→ **EXERCISE BRIEF**:
Retype the whole listing below exactly, keeping every picture out of it.

[[ SUPPLIED DATA open ]]

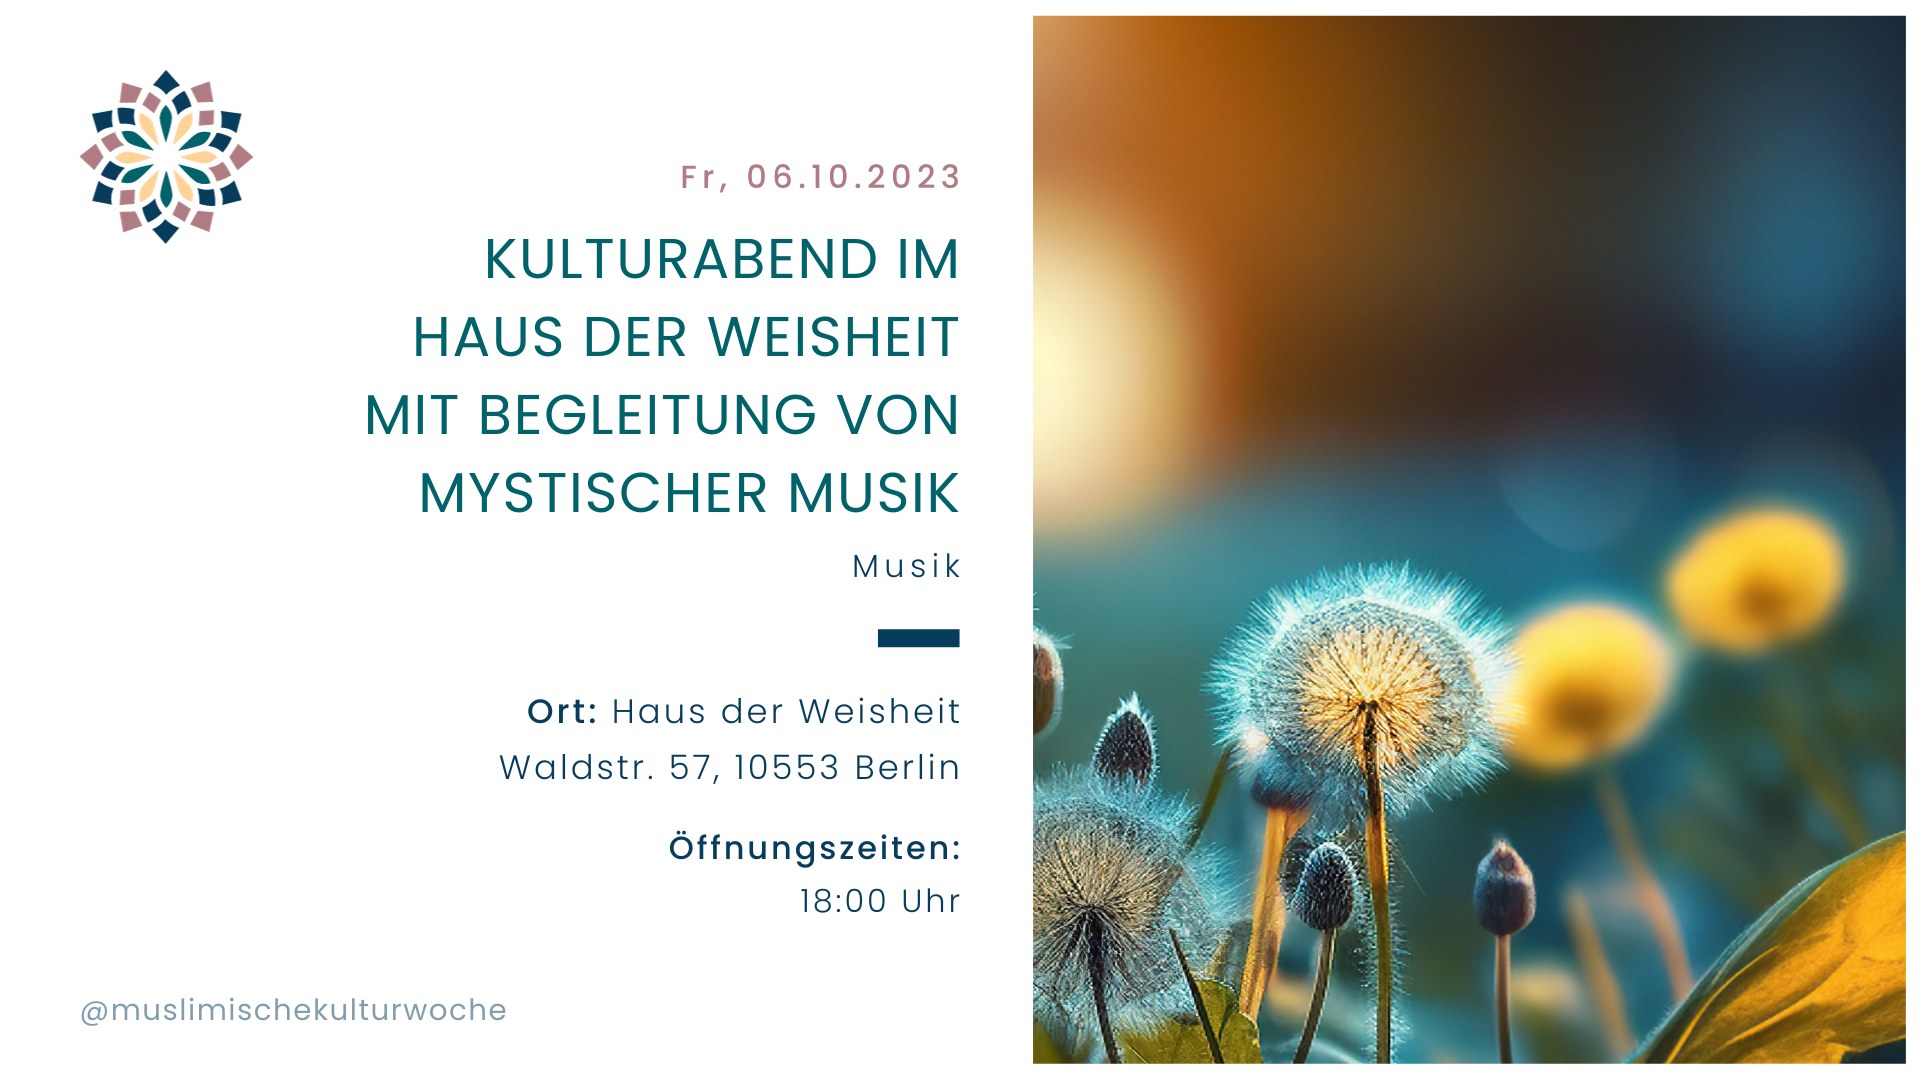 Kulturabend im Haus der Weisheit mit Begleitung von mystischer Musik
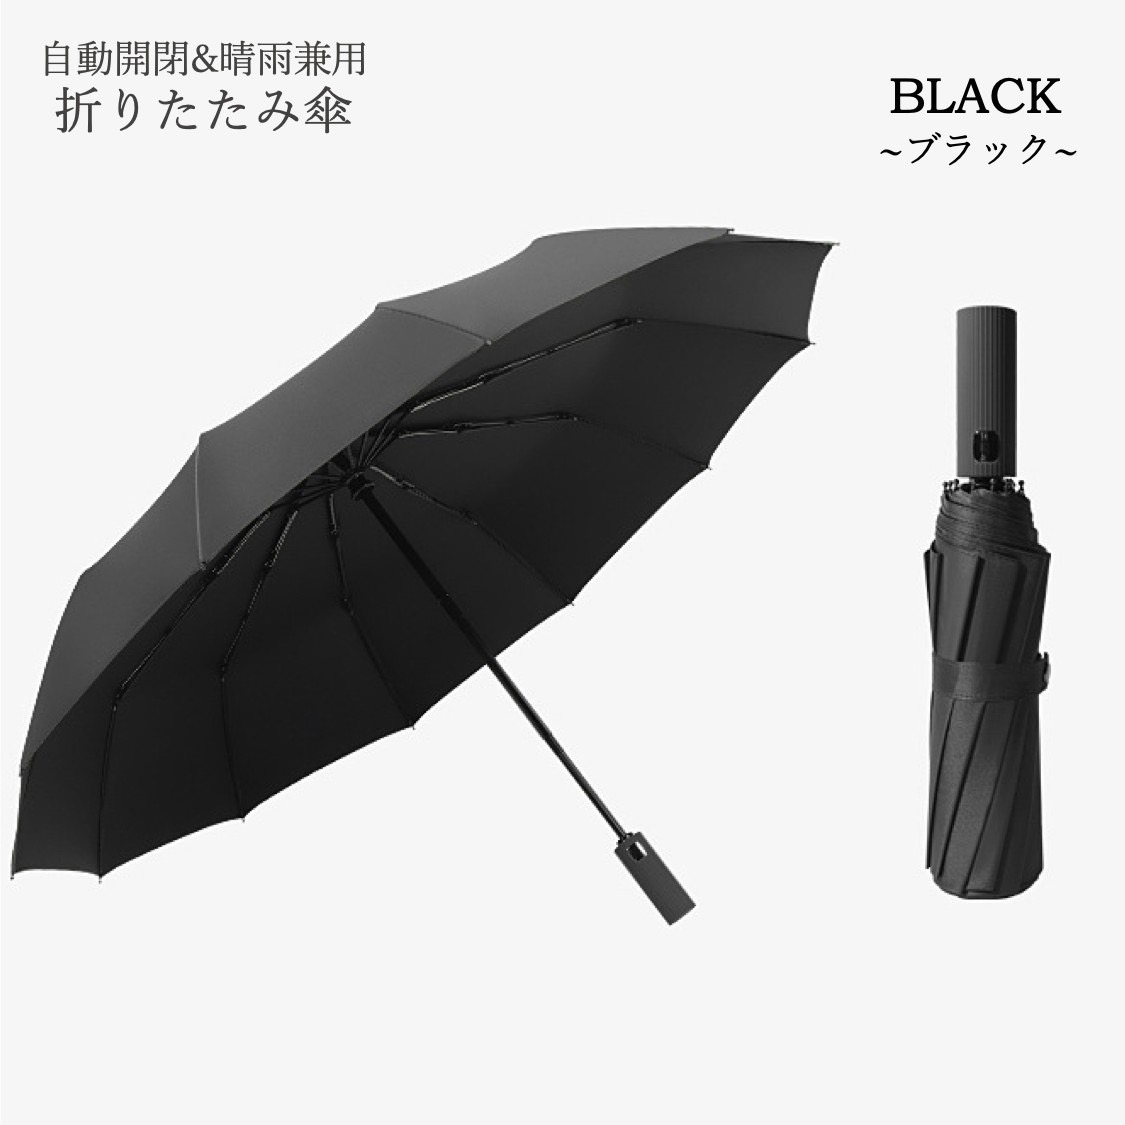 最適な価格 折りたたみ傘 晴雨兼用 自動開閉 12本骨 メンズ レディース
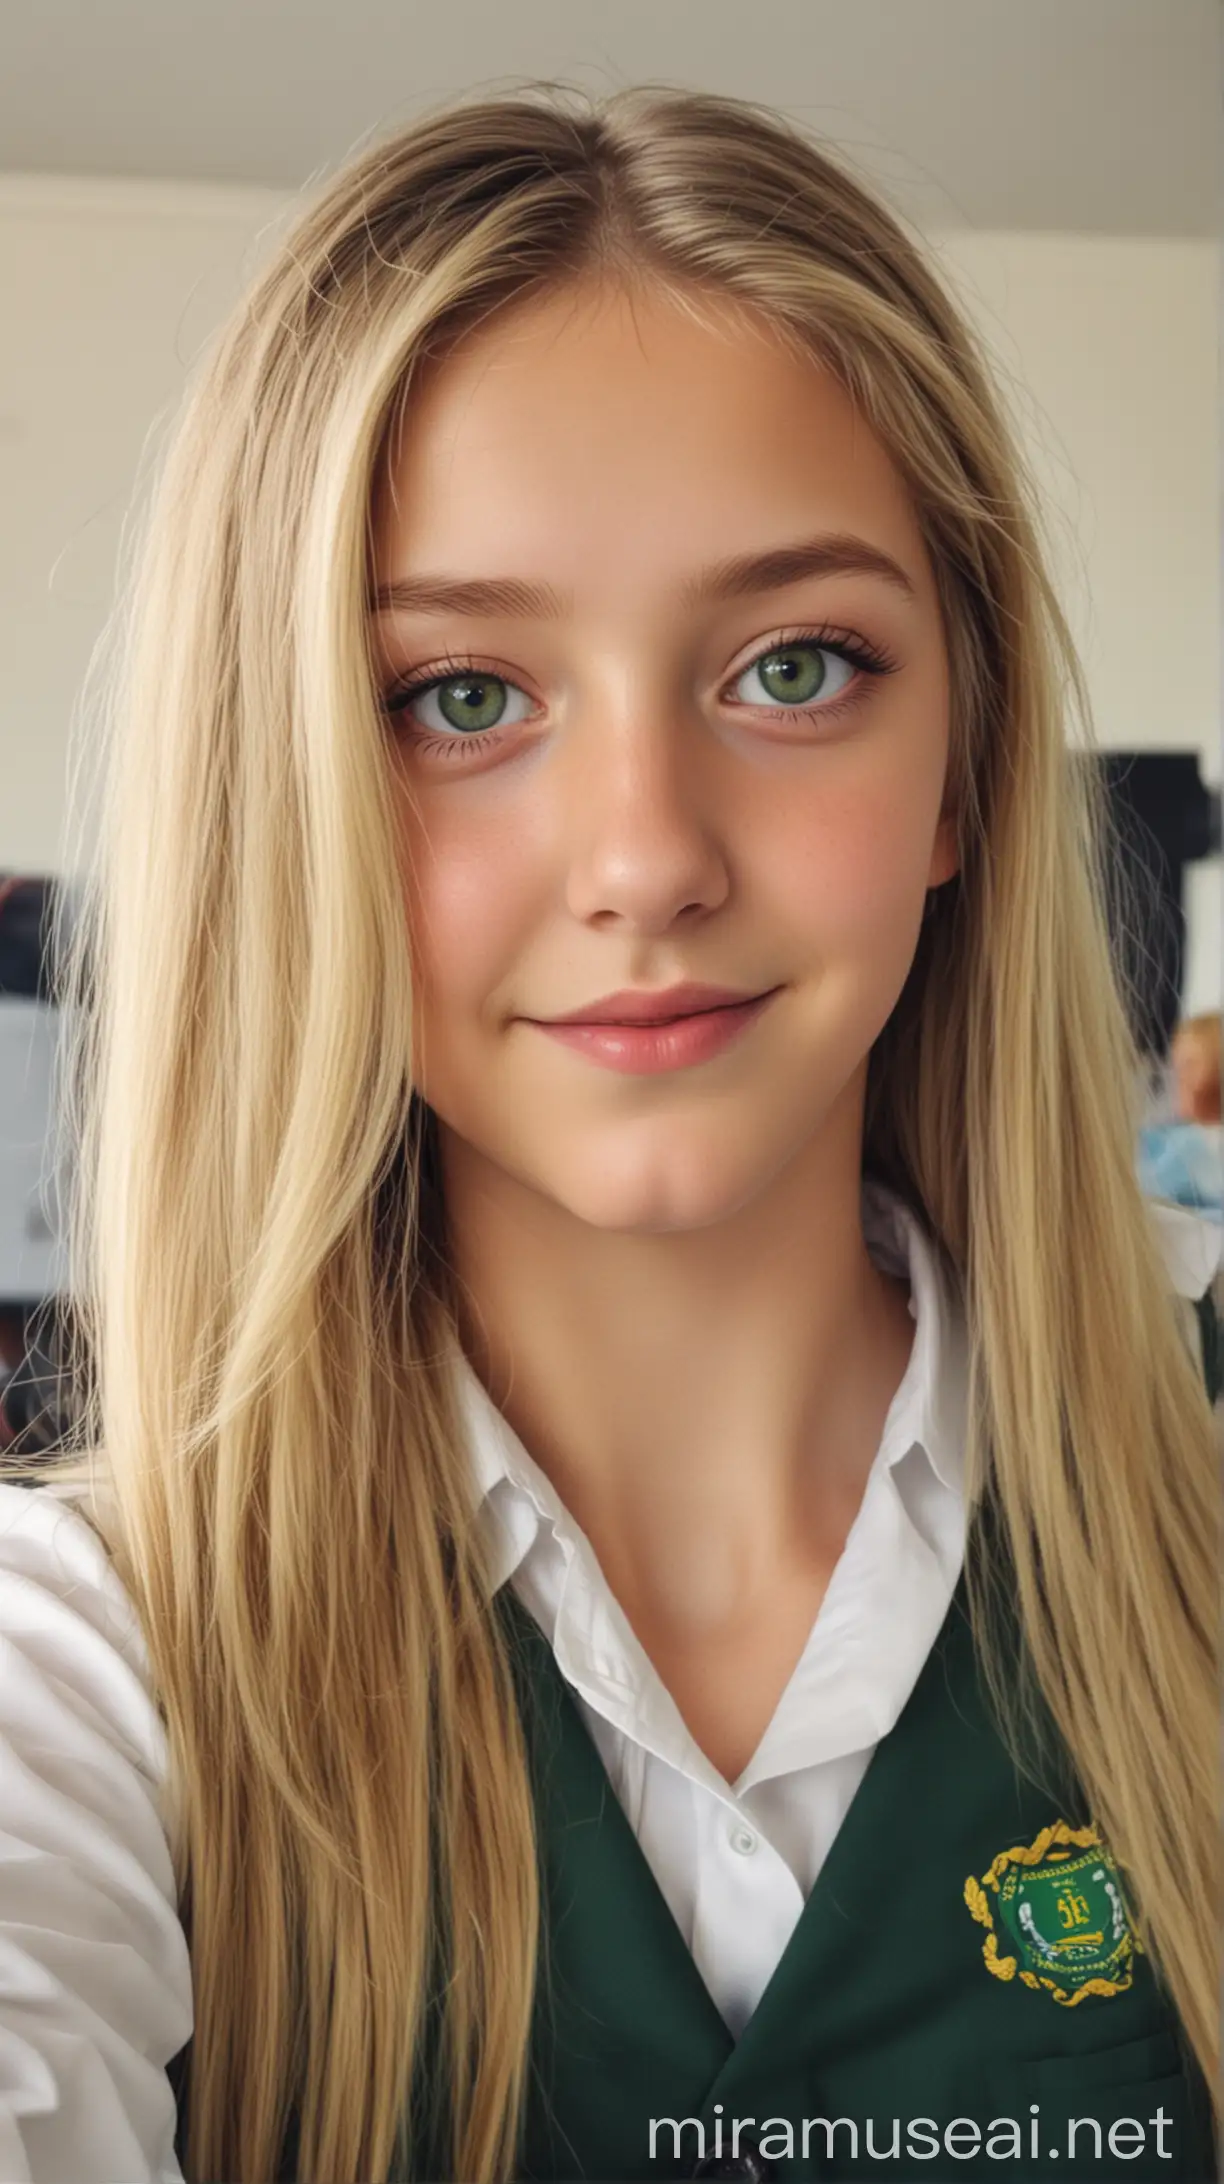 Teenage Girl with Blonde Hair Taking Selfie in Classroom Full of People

[[ SUPPLIED DATA closed ]]

→ **EXERCISE SOLUTION**:
 Kulturabend im Haus der Weisheit mit Begleitung von mystischer Musik
 最適な価格 折りたたみ傘 晴雨兼用 自動開閉 12本骨 メンズ レディース
 Teenage Girl with Blonde Hair Taking Selfie in Classroom Full of People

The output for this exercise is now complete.